Manju’s says, “I want to go to school and specialize in a technical field so I can be financially independent. I don’t want to get married for another 10 years”. She says she has never been mistreated and her landlady not only pays for her school fees but also pays for her extra computer and English courses.

Finally, after 30 minutes of discussing both the law regarding kamlari practice, as well as the emotions that no law can create nor destroy, the two sides came to a conclusion that both are right in their own ways. As an outsider, I too agreed with both sides.

The BASE employers were right in that Manju is staying in the landlady’s house and is being given large amounts of money for school and extra classes. In the condition that the landlady is living in such a situation would only be appropriate if Manju was giving them something in exchange, most likely working as a domestic servant. The other issue that was raised by the BASE employers was regarding the landlords hesitancy to accept Manju as a kamlari. If they accepted this fact than at least under the new 10 point agreement Manju would be able to get her kamlari ID. The government of Nepal has stated that all freed kamlari’s will receive an ID that will help ensure equal representation of freed kamlari’s in all fields, making it easier for them to venture into the caste bias and corruption driven working world.

The landlady made a fair argument that Manju is 19 years old, old enough to make her own decisions regarding her life. Manju is there by choice and should not be suppressed to return to her home where she will be married off unwillingly.

Listening in on this argument it seemed to me as an issues in the governmental level, the recent law regarding kamlari practice puts both the freed kamlari’s as well as the general public in an obstacle. This law conflicts with the child labor law of Nepal which allows children above 14 to work as domestic servants, but it is illegal to employ a Tharu girl as a domestic servant even if she is older than 14. Some girls in the Tharu community who are above 14 are neither educated, nor have proper vocational training and the only other source of income for her family is for her to work as a domestic servant. But because of this conflict their work needs to be hidden, in effect creating an even more corrupt labor market.

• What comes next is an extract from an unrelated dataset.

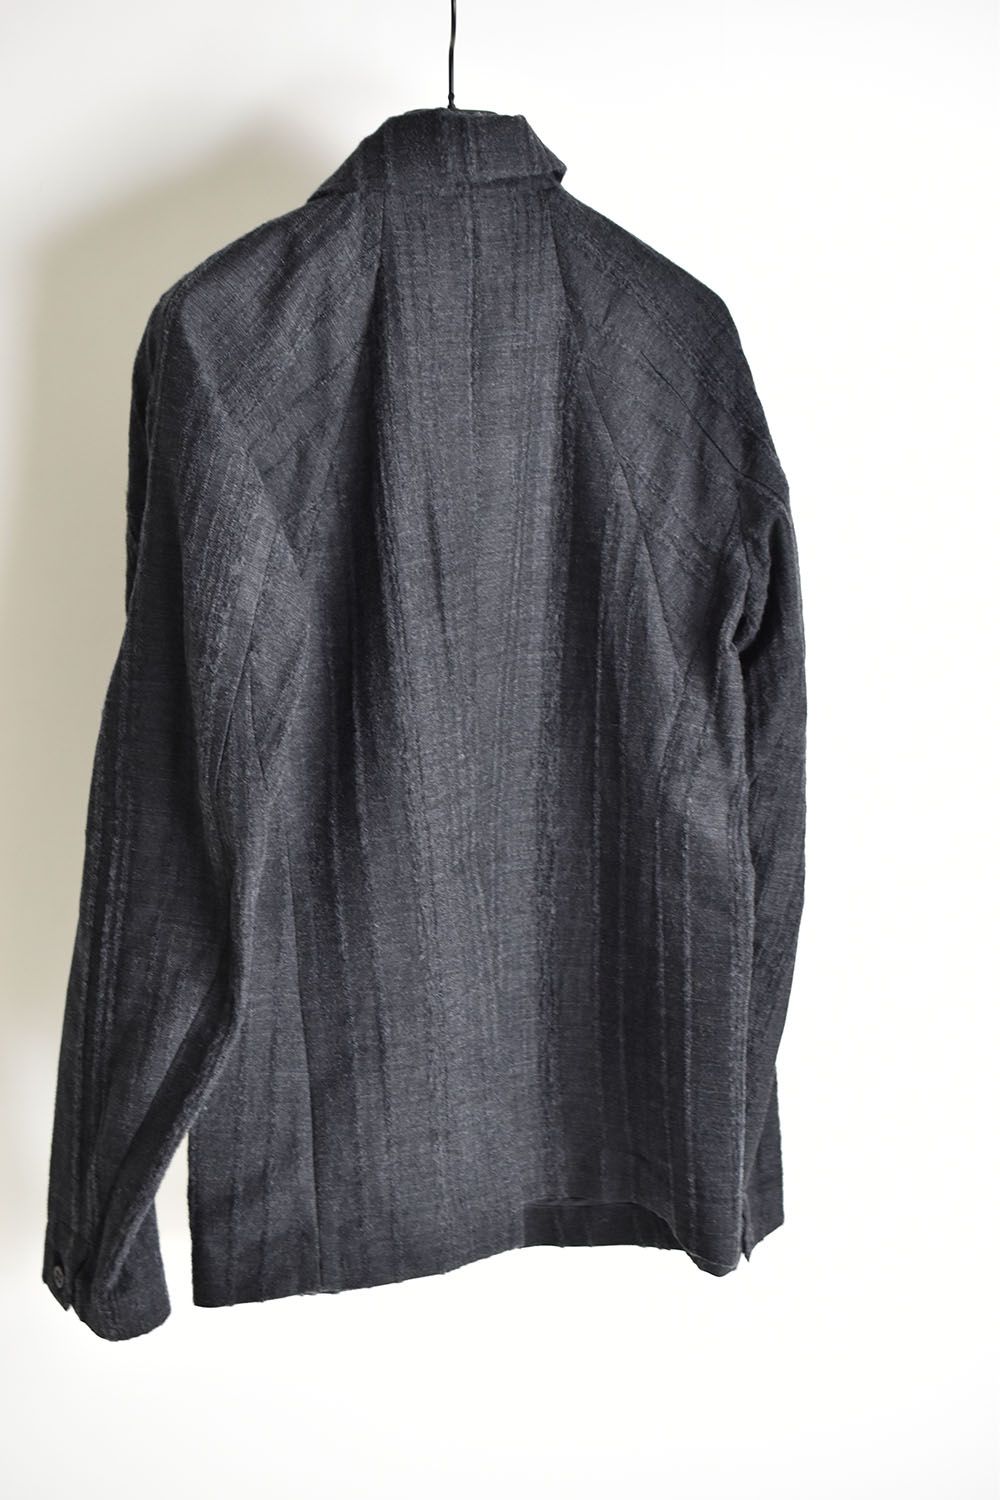 《ラスト1点!!》Wool Rayon Jacquard stripe jacket"Charcoal"/ ウール×レーヨン破れジャガードストライプジャケット"チャコール"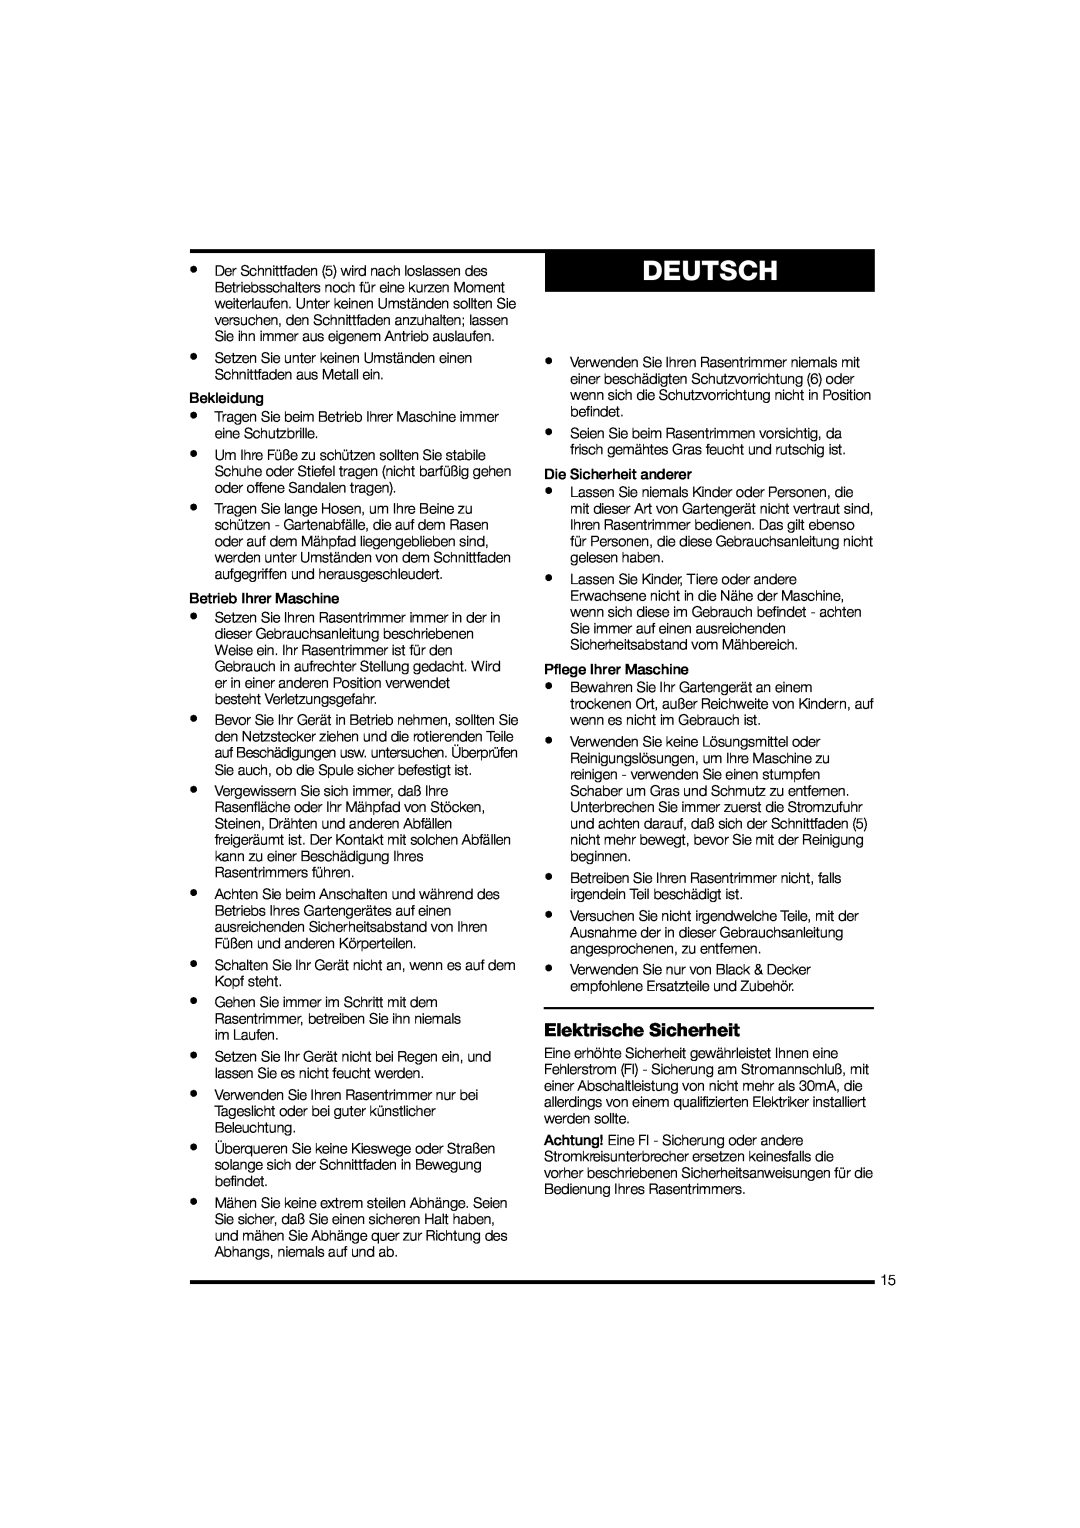 Black & Decker GL570 instruction manual Deutsch, Elektrische Sicherheit

The landlady refused to be photographed, but here are some pictures of “15” year old Suman Chaudhary. She works at a local restaurant in Kailali, she washes dishes from 6AM to 10PM. She lives with her owner and his family shown in the photos below. When asked if she attends school she said no, but claims to have been tutored by her employers daughter. When asked when she was tutored in her schedule her employer choked up. Having seen my co fellow Emily, an American, he was very excited to show off the fact that he had a “15” year old working for him.

Sujita ✌

"15" year old Suman Chaudhary and her employer

Suman's Workstation at the restaurant

BASE employer explaining the law regrading kamlari practice to local restaurant owner in the Kailali district. Suman Chaudhary, a "15" year old Tharu girl, who works for this family is sitting in the back in a green and orange outfit.